Dresden. Sachsen will Brennpunkte rechter Gewalt früher erkennen und gegensteuern. Das ist ein Fazit aus einer Studie des Dresdner Hannah-Arendt-Instituts für Totalitarismusforschung. „Der Rechtsextremismus ist und bleibt Schwerpunkt der Arbeit unserer Sicherheitsbehörden“, erklärte Innenminister Markus Ulbig (CDU) am Mittwoch.

Es bleibe aber eine Aufgabe der gesamten Gesellschaft, Rechtsextremisten den Nährboden zu entziehen. Bei der Studie hatten die Forscher rund 460 Mehrfachtäter in Sachsen ermittelt. Davon gelten 70 als sogenannte Intensivtäter - sie haben in den vergangenen zehn Jahren mindestens vier Gewalttaten verübt.

Rechte Ideologie als Reimport

„Man kann nur bekämpfen, was man kennt“, begründete Ulbig das Interesse seines Hauses an der Studie. Die Wissenschaftler hatten dafür Polizeidaten, Gerichtsakten, Medien, nachrichtendienstliche Informationen und Interviews ausgewertet. Demnach gehen zwei Drittel der Intensivtäter in Sachsen geplant vor und unterscheiden sich damit von einem bundesweit geltenden Befund für rechtsextreme Gewalttäter. In ihrem Visier befinden sich vor allem „Alternative, Linke und Studenten“, hieß es. Die Gewalttäter sind meist zwischen 14 und 21 Jahre alt, fast ausschließlich Männer und handeln fast immer in Gruppen.

„Rechte Gewalt ist männlich“, brachte es der Dresdner Professor Uwe Backes auf den Punkt. 42 Prozent der von Intensivtätern verübten Gewalttaten wurden als lebensbedrohlich eingestuft - hier verletzten Täter die Opfer zum Beispiel mit Fußtritten gegen den Kopf.
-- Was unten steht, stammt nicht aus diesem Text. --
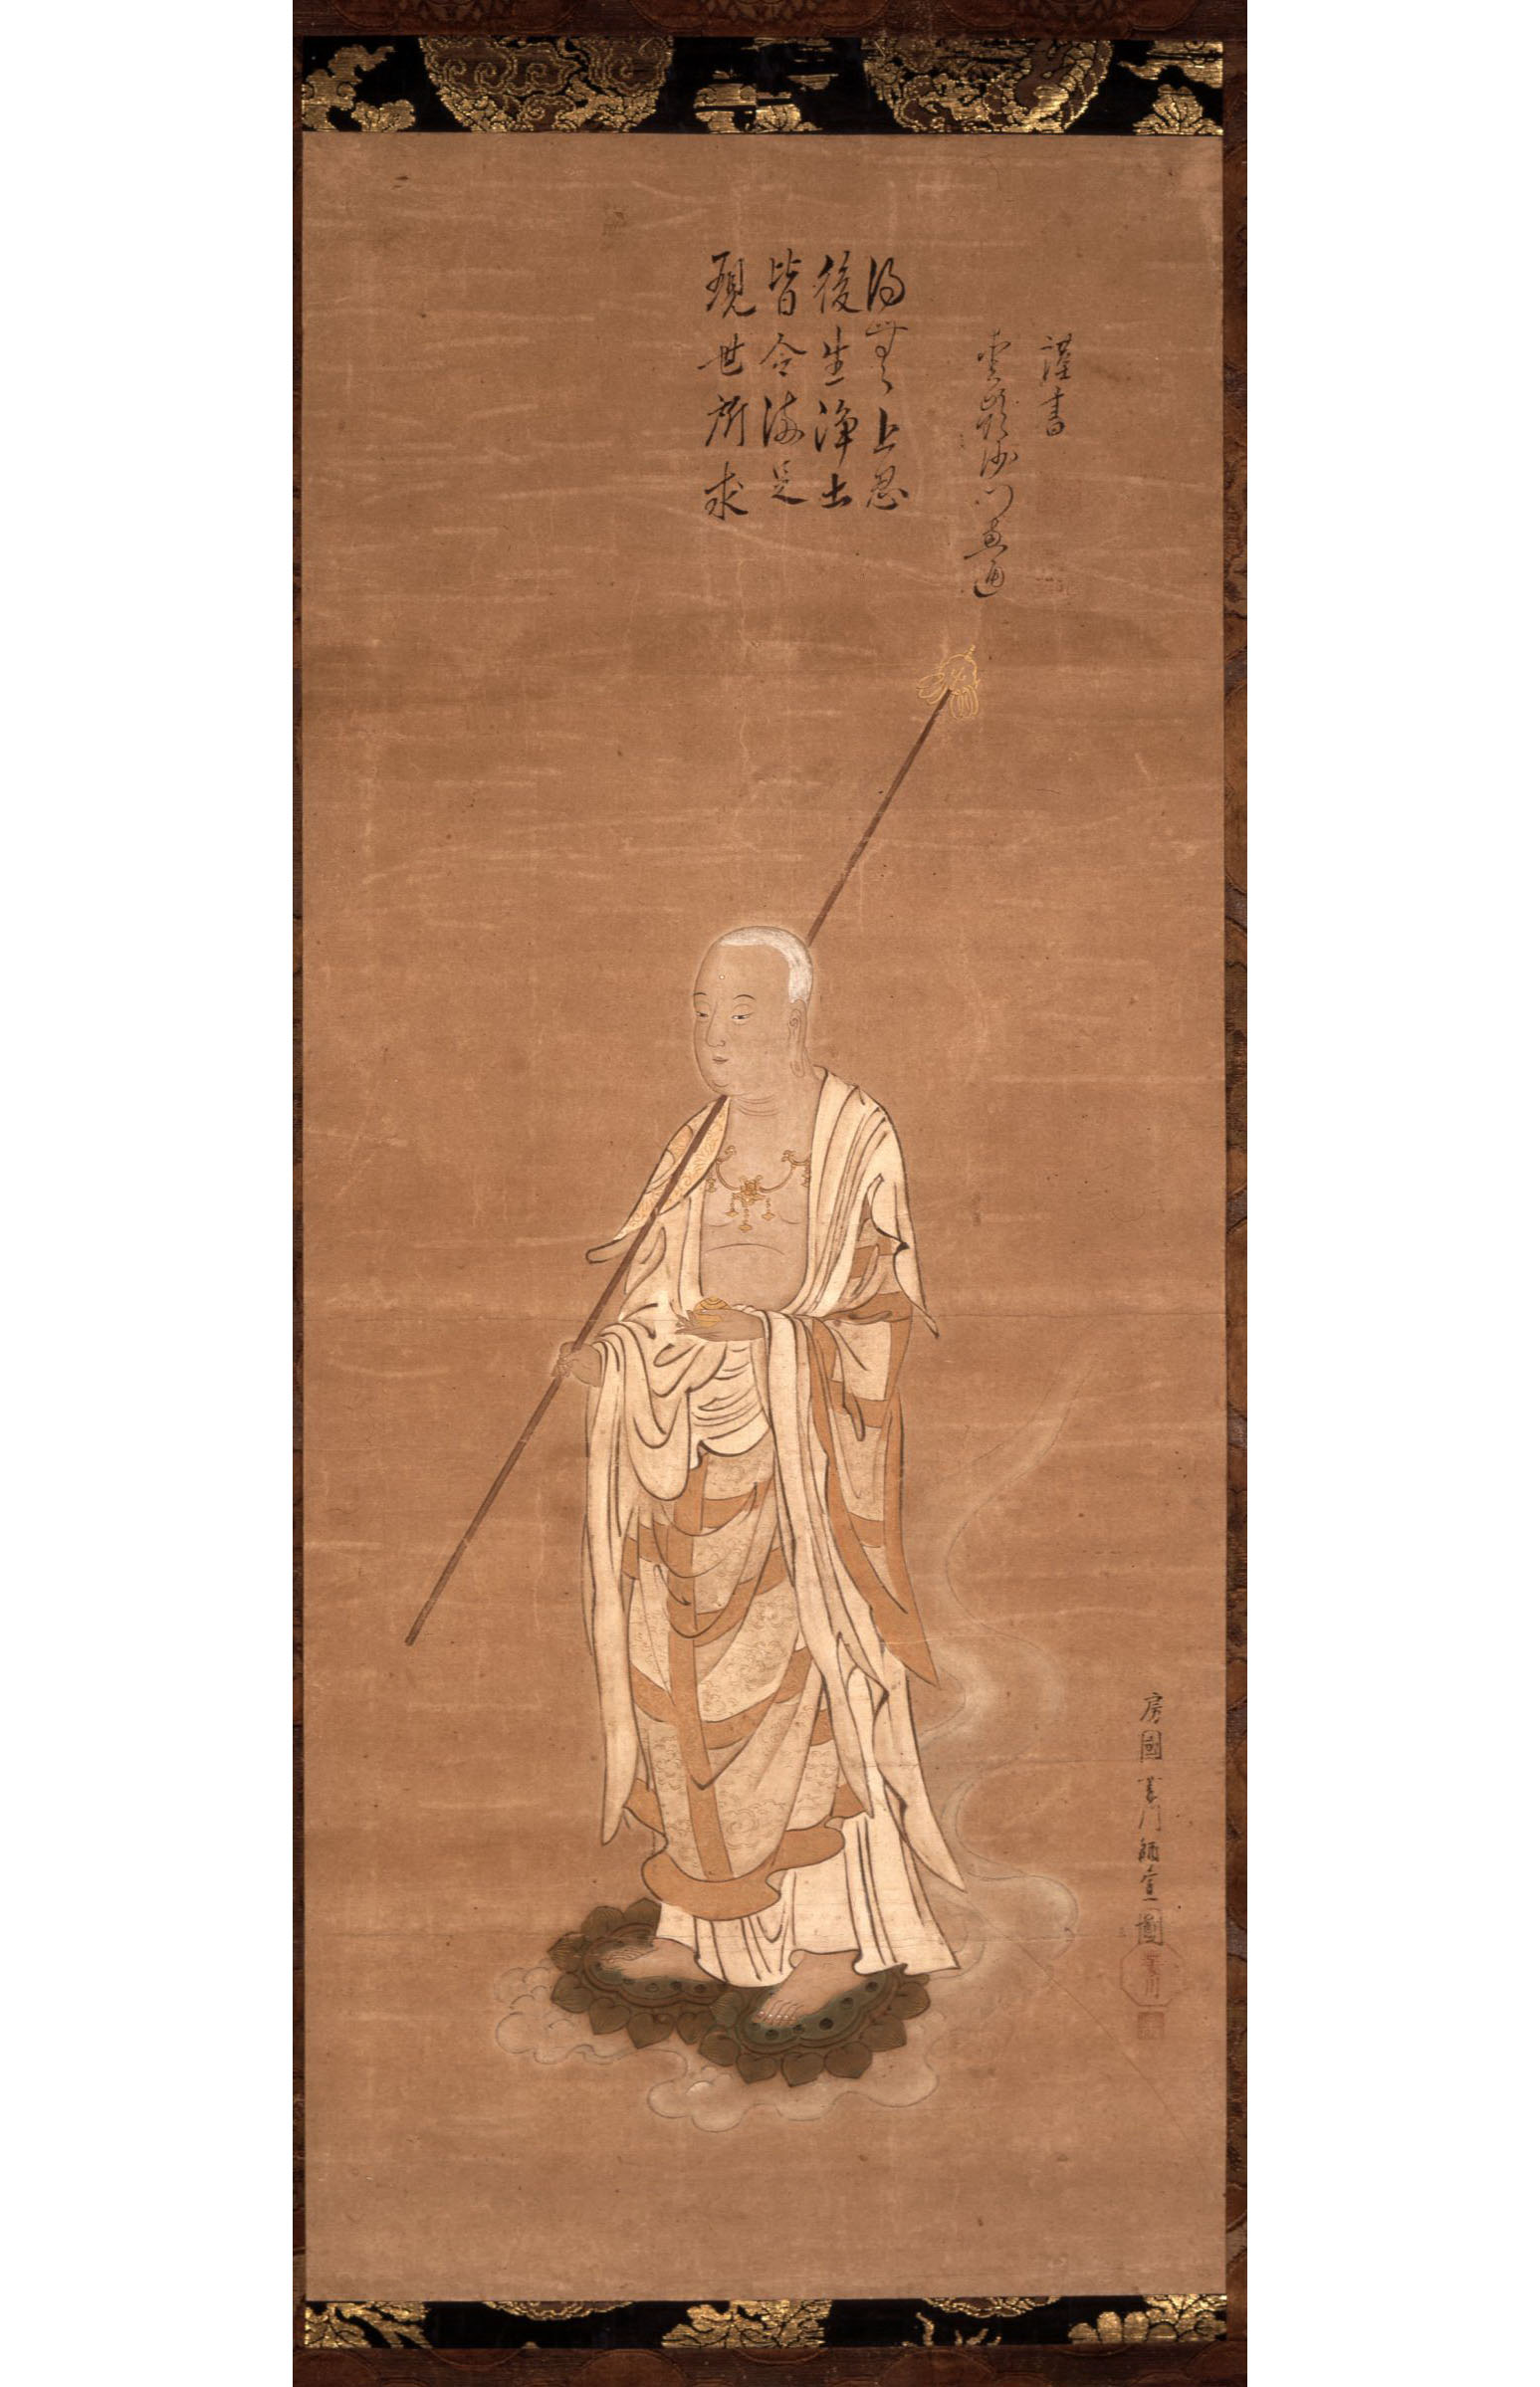 Моронобу Хисикава. Бодхисаттва Дзидзо стоит в белых монашеских одеждах на двух лотосах, покоящихся на облаке. 1681-1686.

Oft übe der in rechtsextremer Musik verbreitete Hass Einfluss aus.

Nicht selten seien Täter abgesehen von rechter Gewalt auch anderweitig mit dem Gesetz in Konflikt geraten. In vielen Fällen spielten Drogen eine Rolle. Ideologie des NS-Regimes komme heute quasi als Reimport aus dem angelsächsischen Raum nach Deutschland zurück. Als Beleg nannte Backes die „White Power“-Bewegung.

Westliche Aufbauhilfe nutzt günstige Rahmenbedingungen

Backes zufolge gibt es bei dem Gewaltpotenzial ein Ost-West-Gefälle mit einer Häufung im Osten Deutschlands. In Sachsen sei der Anteil rechter Gewalttäter bezogen auf 100 000 Einwohner doppelt so hoch wie im Bundesschnitt. Backes führte als Grund auch Probleme ins Feld, die nach der Wende beim Übergang in die neue Gesellschaft entstanden. Dies habe günstige Rahmenbedingungen für die rechte Szene geschaffen.

Beim Aufbau entsprechender Strukturen habe es „westliche Aufbauhilfe“ gegeben, die hier auf fruchtbaren Boden fiel. „Das sind Phänomene, die nicht von einem Jahr aufs andere verschwinden“, sagte er. Sie würden Sachsen auch in den kommenden Jahren noch beschäftigen. (dpa)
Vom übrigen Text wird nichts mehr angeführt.